Implement and optimize enterprise-grade GenAI and MLOps infrastructure using AWS and Azure. Develop automated logging and observability tools. Collaborate with cross-functional teams to deliver cloud AI solutions.
Key Highlights
Technical Skills Required
Benefits & Perks
Job Description
Senior Cloud ML Engineer – GenAI & MLOps
Contract-to-Hire (W-2 with Benefits)
100% Remote (CST Work Hours)
Our Fortune 50 healthcare client is seeking a Senior Cloud ML Engineer to implement and optimize enterprise-grade GenAI and MLOps infrastructure. This role is part of a new AI Shared Services team and works directly with the Lead Cloud ML Engineer to build secure, scalable access to cloud AI/ML services from AWS and Azure. You will focus on hands-on development, integration, and deployment of AI platform components that enable standardized MLOps/LLMOps capabilities across the organization.
Responsibilities:
- Build and configure components of the AI Shared Services platform supporting cloud AI/ML/GenAI services from AWS and Azure.
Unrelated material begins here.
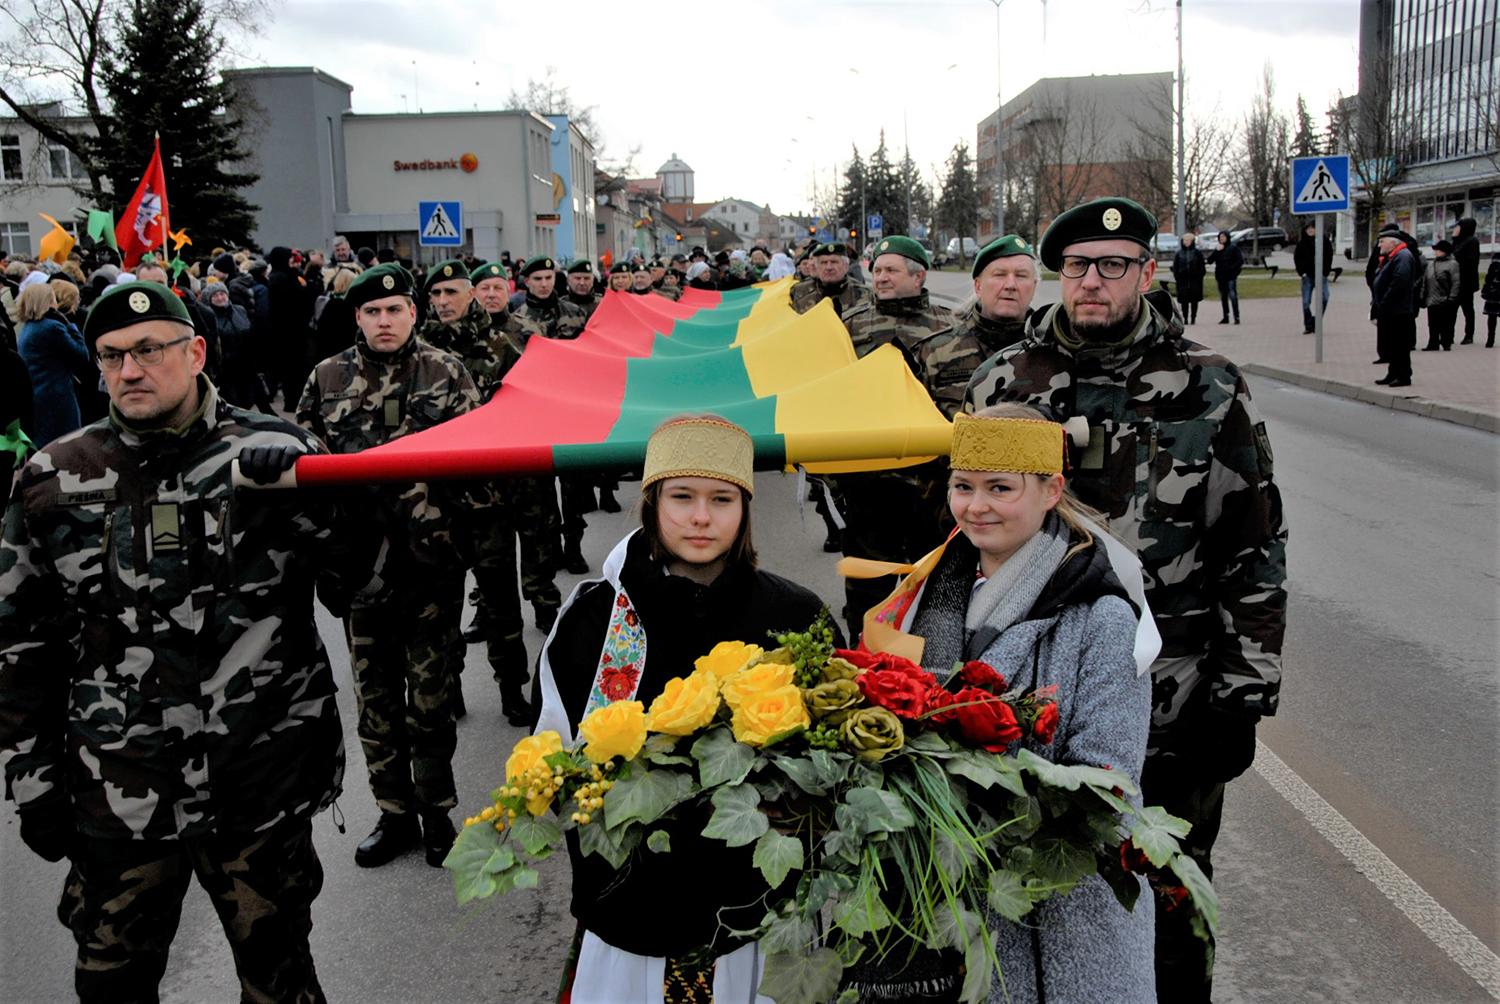 Paminėjome nepriklausomos Lietuvos 30-ąjį jubiliejų / Gedimino Nemunaičio nuotr. Iki Laisvės paminklo nešta didžiulė vėliava.

- Implement features for the AI Gateway to standardize MLOps/LLMOps frameworks, centralize model access, enforce governance, and enable usage tracking and cost optimization.
- Develop automated logging of model inputs/outputs to Databricks Delta tables via Unity Catalog for observability and compliance.
- Apply guardrails for PII protection, prompt injection defense, harmful content filtering, and rate limiting to ensure security, compliance, and cost control.
- Configure observability, logging, and monitoring tools to ensure reliability and auditability for ML, LLM, and GenAI workloads.
- Deploy and manage cloud-native inference infrastructure using AWS SageMaker, including containerized services that provide ML/LLM models through scalable APIs.
- Integrate AI infrastructure components into CI/CD pipelines (GitLab CI, GitHub Actions, CodePipeline) for automated deployments.
- Collaborate with Cloud Platform Engineering, Data Engineering, Data Science, and Security teams to deliver cloud AI solutions aligned with enterprise standards.
- Contribute to technical documentation and execution of best practices for MLOps and LLMOps.
Requirements:
- Bachelor’s degree in Computer Science or Data Science required; Master’s preferred.
- 10+ years of experience in cloud platform engineering and ML engineering.
- Hands-on experience implementing MLOps/LLMOps frameworks and integrating AI services into enterprise cloud infrastructure environments.
- Experience provisioning, configuring, and integrating cloud AI/ML services into an enterprise, specifically AWS Bedrock or Azure AI Foundry.
- Experience building cloud-native AI/ML services, including SageMaker pipelines and inference endpoints, and integrating them into CI/CD pipelines.
- Experience deploying and scaling LLM and GenAI workloads as cloud infrastructure components within MLOps pipelines.
- Experience building and deploying Infrastructure as Code using Terraform or CloudFormation.
- Experience with Databricks, Delta Lake, and Unity Catalog for data governance and observability.
- Experience implementing security and compliance controls to protect PII and regulated data within AI/ML workloads.